Friday, July 6, 2012

Excerpt Weekend is Dead

     I swear I've given you all I can from Do Over. The thought of being shot by my publisher actually keeps me up at night. (Not really) Because if I gave you even one more peek, they'd kill me, either physically or legally. I'd be dead either way.  Sooooo, I'm not sure what to give you an excerpt from.  Have you all read The Broken Road?? Taking Chances?? Makeover anyone??  If you've read all of these and you're impatiently waiting for Do Over which is coming out just in time for Valentine's Day, you can check out my older books like: Soul Searching, A Trusting Heart or my YA book, Forever Friends.  You can find them at anytime.  Sorry for killing Excerpt weekend. It was a good idea for a few weeks. But alas, self-preservation comes first.  Enjoy your weekend and grab a good book.

Thursday, July 5, 2012

On Writing - Stephen King

I haven't been shy about my admiration for Stephen King.  Do I enjoy all his books? No. Do I enjoy reading horror? No.  So why my admiration?  Simple: He's an amazing writer.  Yes, he's chosen to write about things that will keep you up at night, although lately he's been going in a different direction, but this man knows how to draw a reader in and give them what they want.  A good story.  Check out this short video where he talks about writing.  Listen, watch and learn.

Monday, July 2, 2012

50 Shades of Crap

I know, I know.
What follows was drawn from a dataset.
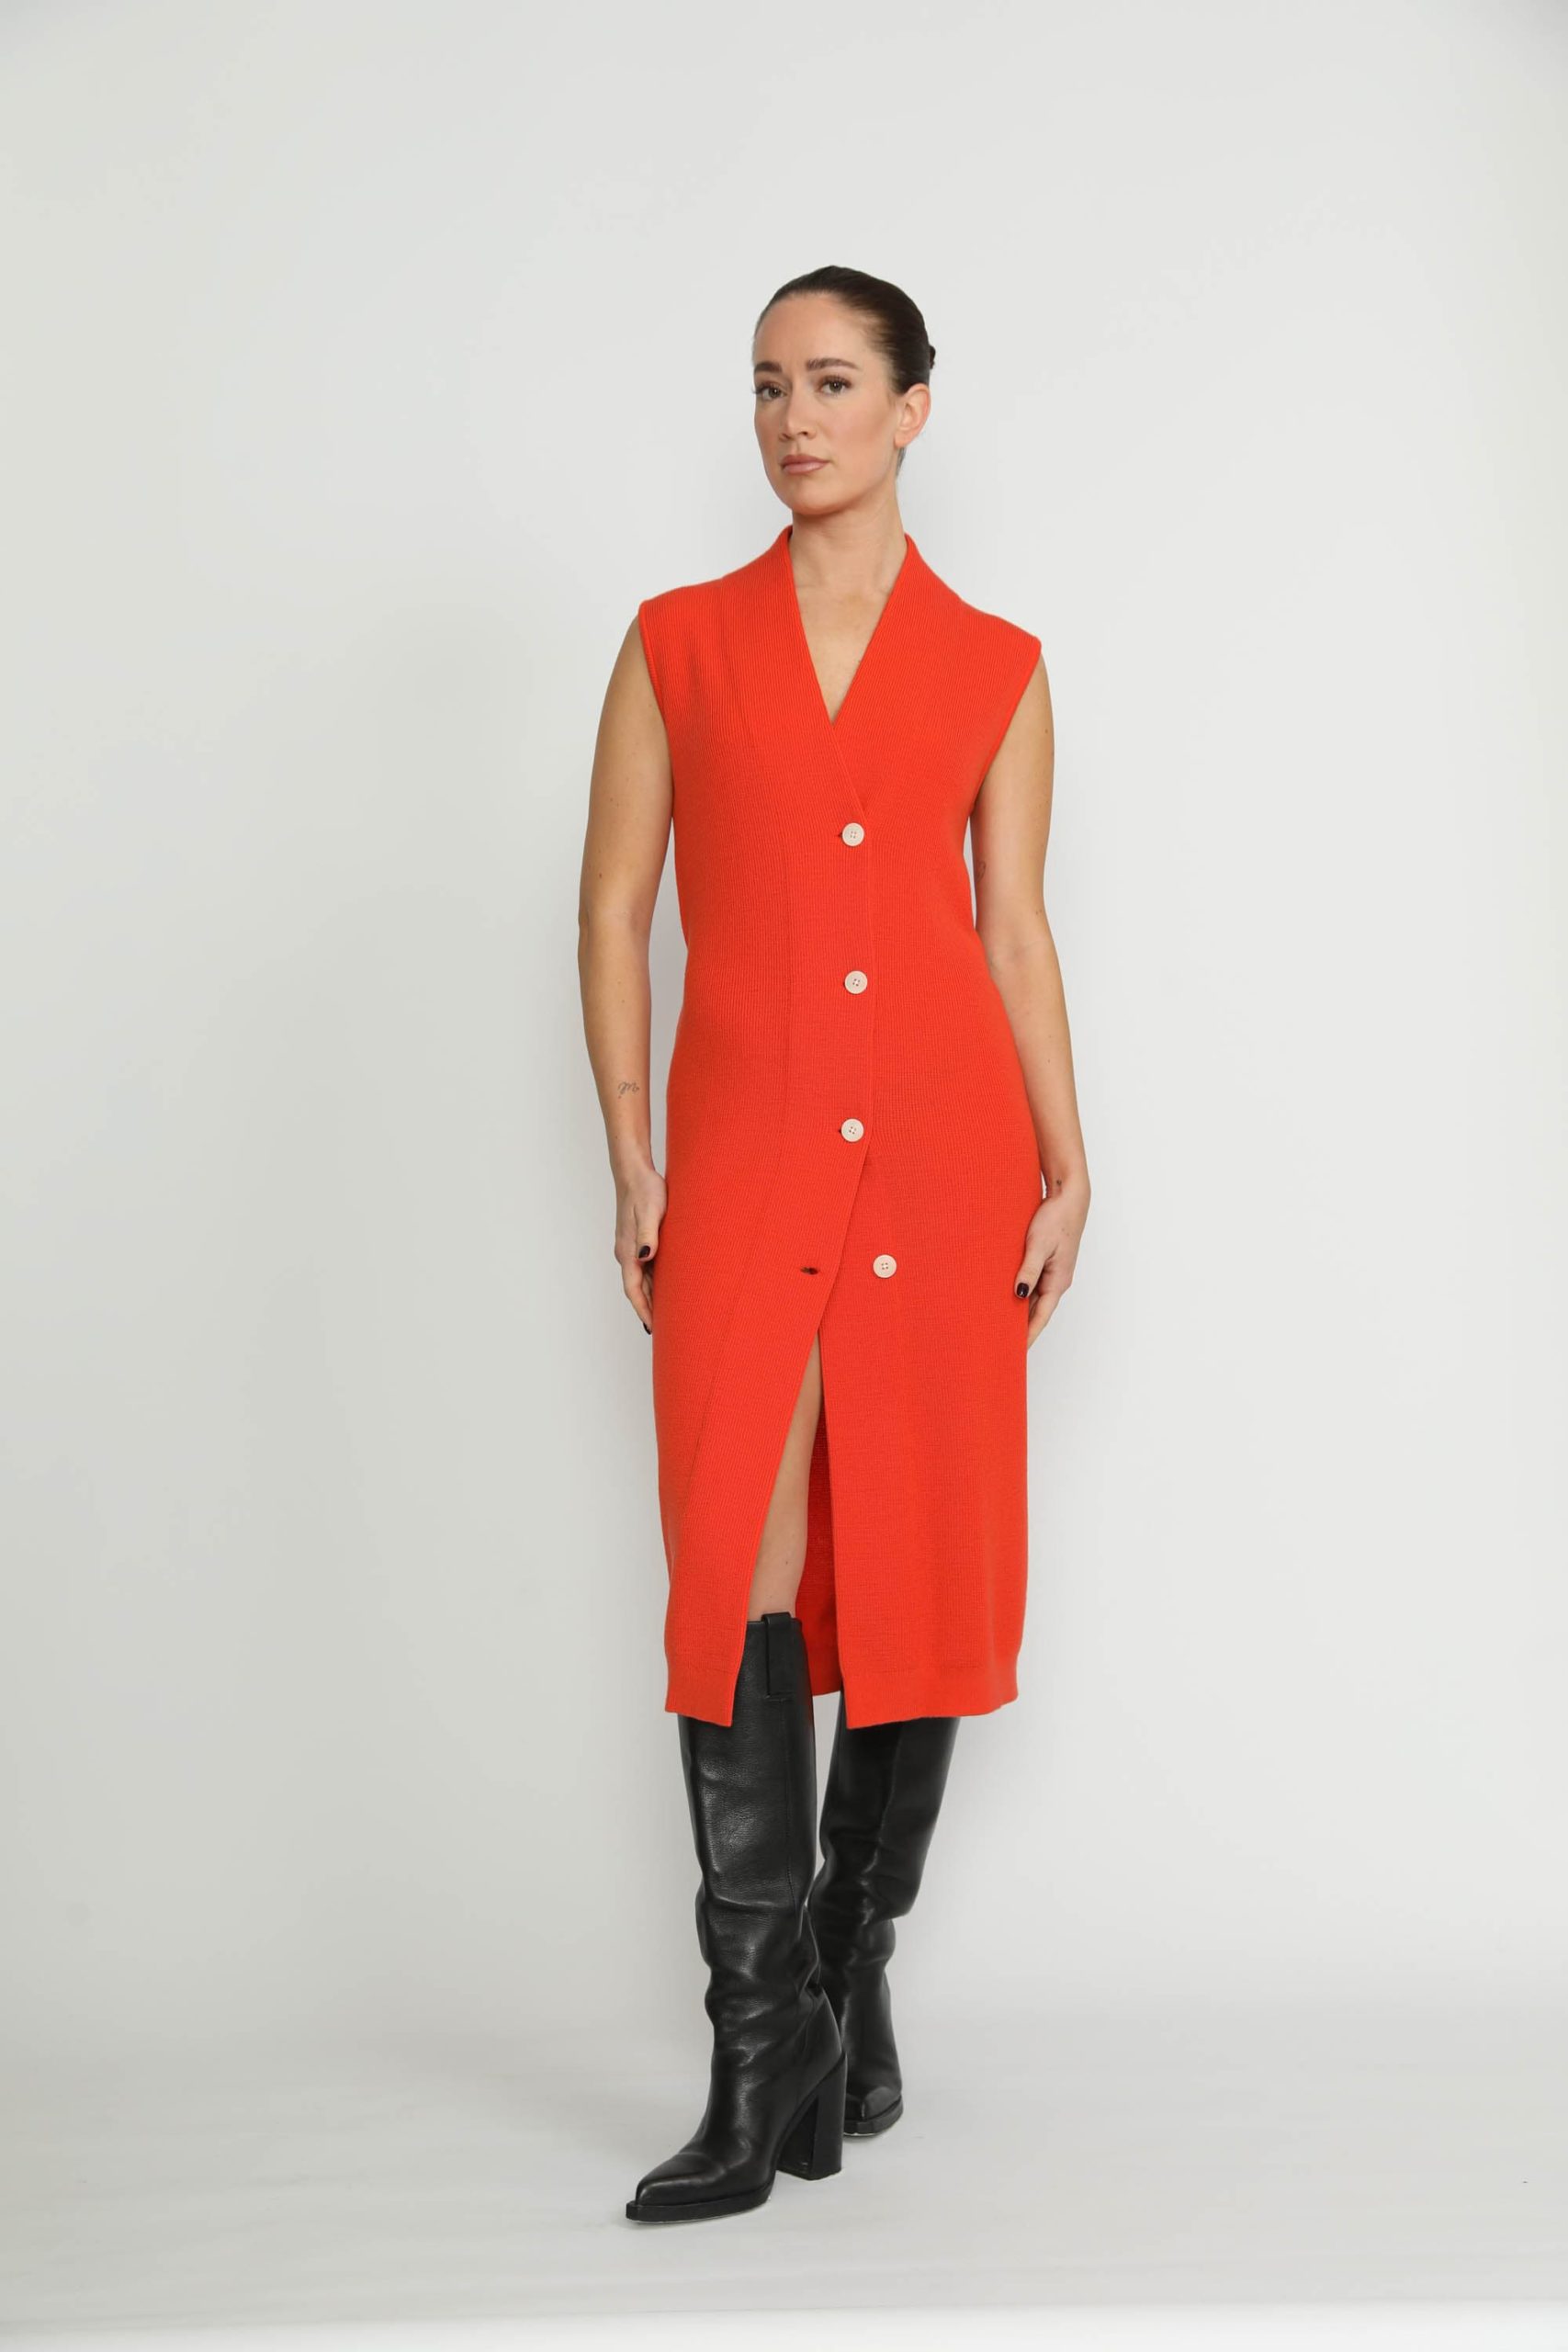 Arlesheim Dress – Arlesheim Orange Knit Dress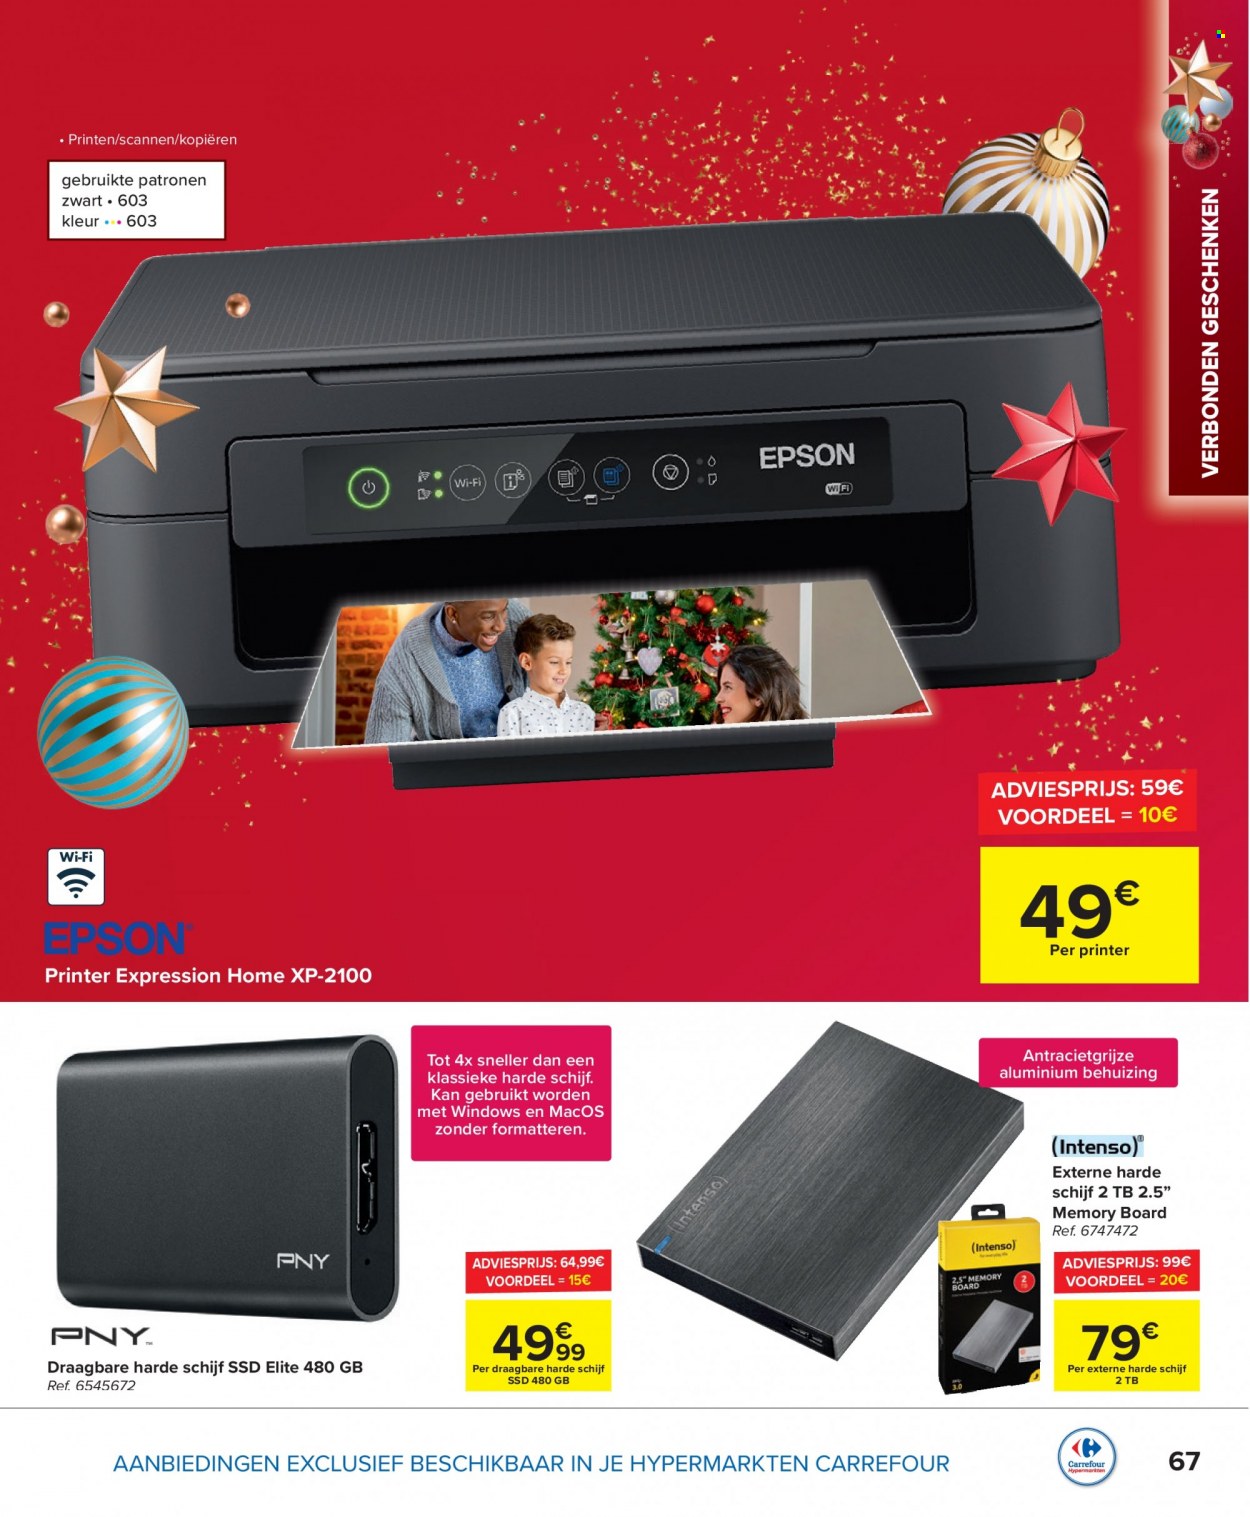 thumbnail - Carrefour hypermarkt-aanbieding - 17/11/2021 - 24/12/2021 -  producten in de aanbieding - externe harde schijf, SSD, printer. Pagina 67.

I've mentioned this before.  But I am so ticked by this book.  No I have not read it.  But I've read the articles about it, I've seen the news segments about it.  This book has been hyped more than Harry Potter. Aagh! My 17 year old son even saw a comedy sketch on the book on SNL and every time I leave to go the library or the store, he'll laugh and say, 'Hey mom, don't forget to pick me up a copy of 50 Shades.'  (Please don't watch the SNL skit. It's probably just as bad as the book). This is getting crazy when even my teenage son knows about women's erotica.  I used to have daily deals by Amazon on my blog, but it was, you guessed it, nothing but 50 Shades.  It's gone.  But here's the worst.  Right in Lehi at my local Costco they have the whole series right there in the book section!  Sitting right next to LDS authors and everybody else.  So movies have ratings.  Video games and even music have warnings and ratings.  Maybe if anyone can grab a book and put it in their cart with their eggs and milk, there should at least be a sign that says, This book is Rated X.  Am I being a total prude or do you agree with me?